Notably, in this study, the enhanced detection rate of the ChLIA required a revision in the analysis of the data comprising patients with recurring PLA2R1-ab positivity after immunological remission. In 14 cases, all available samples were found positive by ChLIA and, therefore, would have been falsely classified as “remission” of PLA2R1-ab in routine ELISA testing. In some of these patients, however, proteinuria developed concordantly to PLA2R1-ab, meaning that a remission of proteinuria occurred, followed by a relapse, showing that the PLA2R1-ab level was clinically important. We also analyzed patients who showed discordant findings of PLA2R1-ab and proteinuria. These patients had persistent or relapse of proteinuria, although PLA2R1-ab levels were negative in ELISA. In these cases, proteinuria might result from glomerular damage either by PLA2R1-ab entrapped in the glomeruli or due to another disease (i.e., diabetic nephropathy), both of which are not addressable by immunosuppressive therapy.
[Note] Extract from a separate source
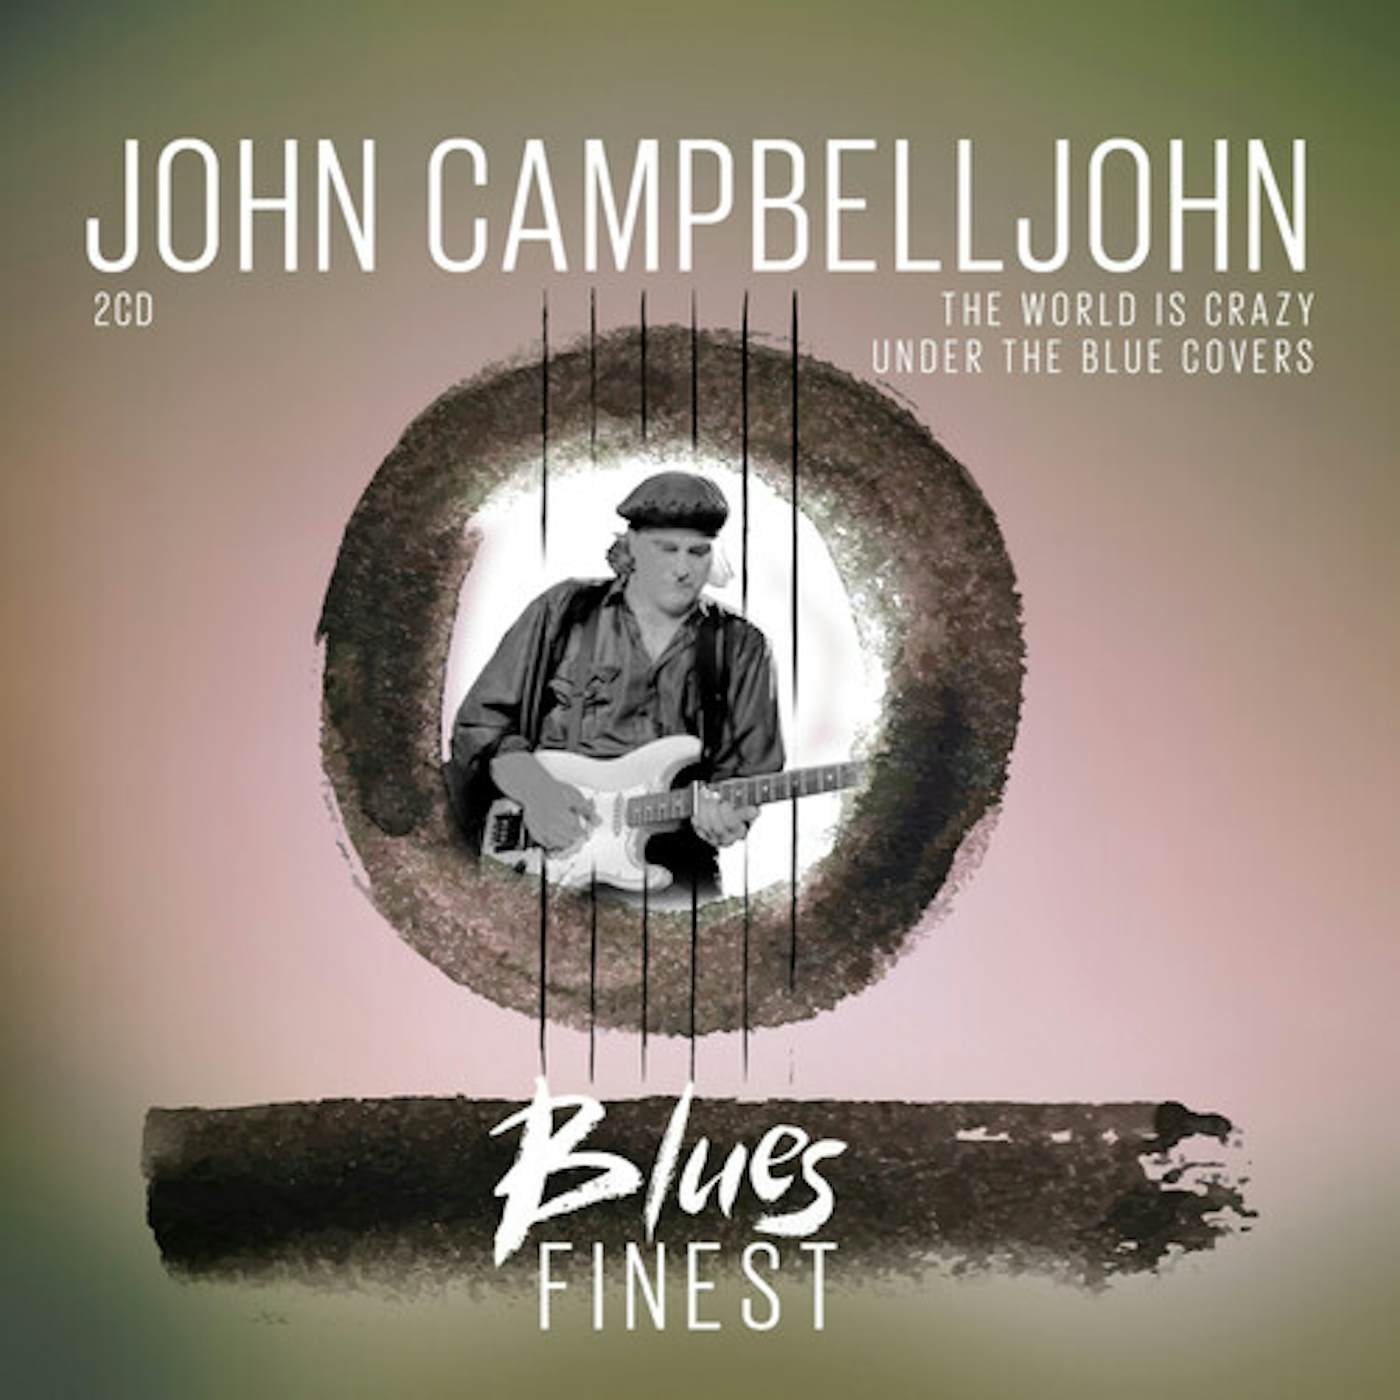 John Campbelljohn BLUES FINEST CD

On the other hand, low levels of circulating PLA2R1-ab, which might remain undetected by ELISA, also could be causative of proteinuria, and require a more aggressive immunosuppressive treatment. We identified PLA2R1-ab in more than 50% of patients in cohort A2, who were characterized as PLA2R1-ab negative by ELISA but had persisting or relapsing proteinuria. Moreover, 4 of the 5 patients in cohort A1, who did not go into remission of proteinuria but showed a remission of PLA2R1-ab in ELISA, showed constant PLA2R1-ab positivity in ChLIA. The possible clinical benefits of the transfer of these findings into routine application need to be addressed prospectively in future studies. The routine application of new PLA2R1-ab measurement techniques such as the ChLIA described in this article, or addressable laser bead immunoassay, should be confirmed in future studies.
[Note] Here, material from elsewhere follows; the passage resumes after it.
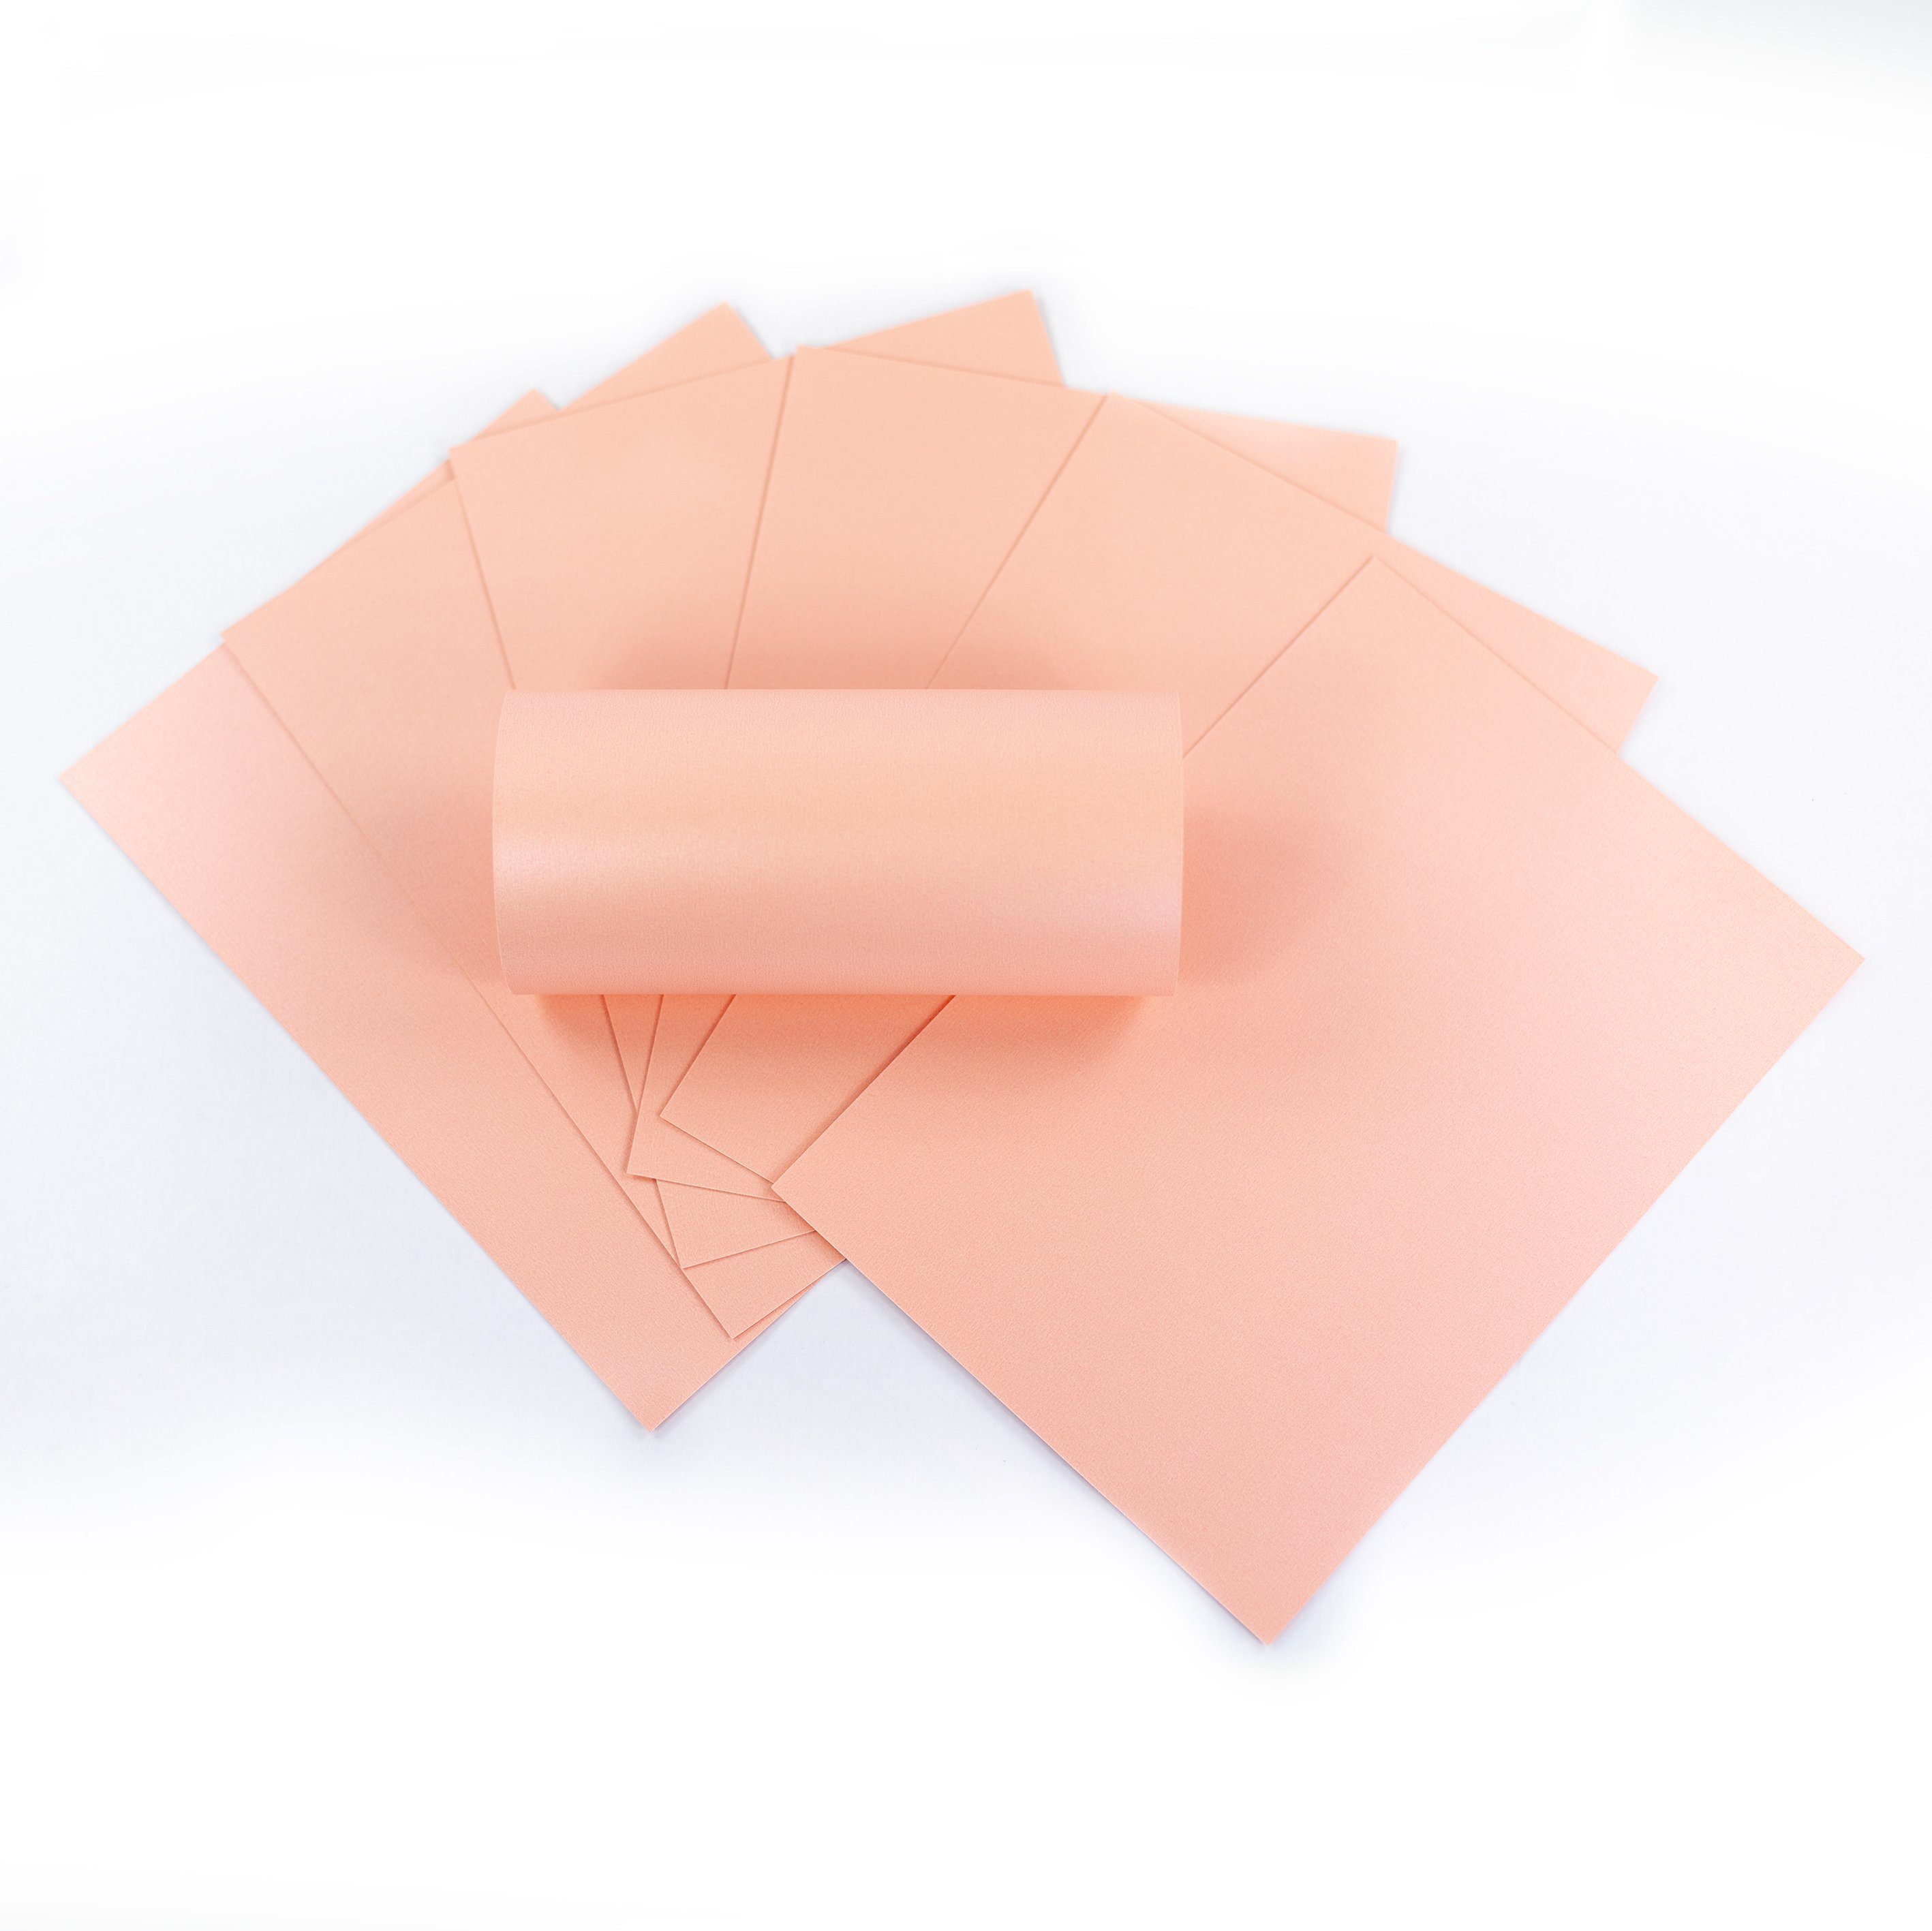 ZADAWERK Bastelkartonpapier Perlmuttkarton - 250 g/m²- A4 - 50 Blatt - Rosa, Perlig schimmerndes Dekorpapier zum Karten basteln und bedrucken

In summary, the diagnostic performance of the ChLIA is comparable to that of the RC-IFA, but exceeds that of the ELISA. A further advantage of the ChLIA is the possibility of random-access full automation and fine-graduated quantification. Promising to overcome the previously reported sensitivity gap between the established ELISA and RC-IFA, the ChLIA is advantageous in routine application, especially in patient monitoring.

Disclosure

EUROIMMUN Medizinische Labordiagnostika AG is the exclusive licensee of patents pertaining to the detection of autoantibodies to PLA2R1. AK and CD are employees of EUROIMMUN, a company that develops and manufactures immunoassays for the detection of disease-associated antibodies. WS is a board member of EUROIMMUN. All the other authors declared no competing interests. Company staff were involved in data analysis and writing of the manuscript. However, the contributions of EUROIMMUN employees were based exclusively on scientific grounds and transparent to and reviewable by all coauthors. The corresponding author had full access to all study data and had final responsibility for the decision to submit for publication.

The results presented in this paper have not been published previously in whole or part, except in abstract form.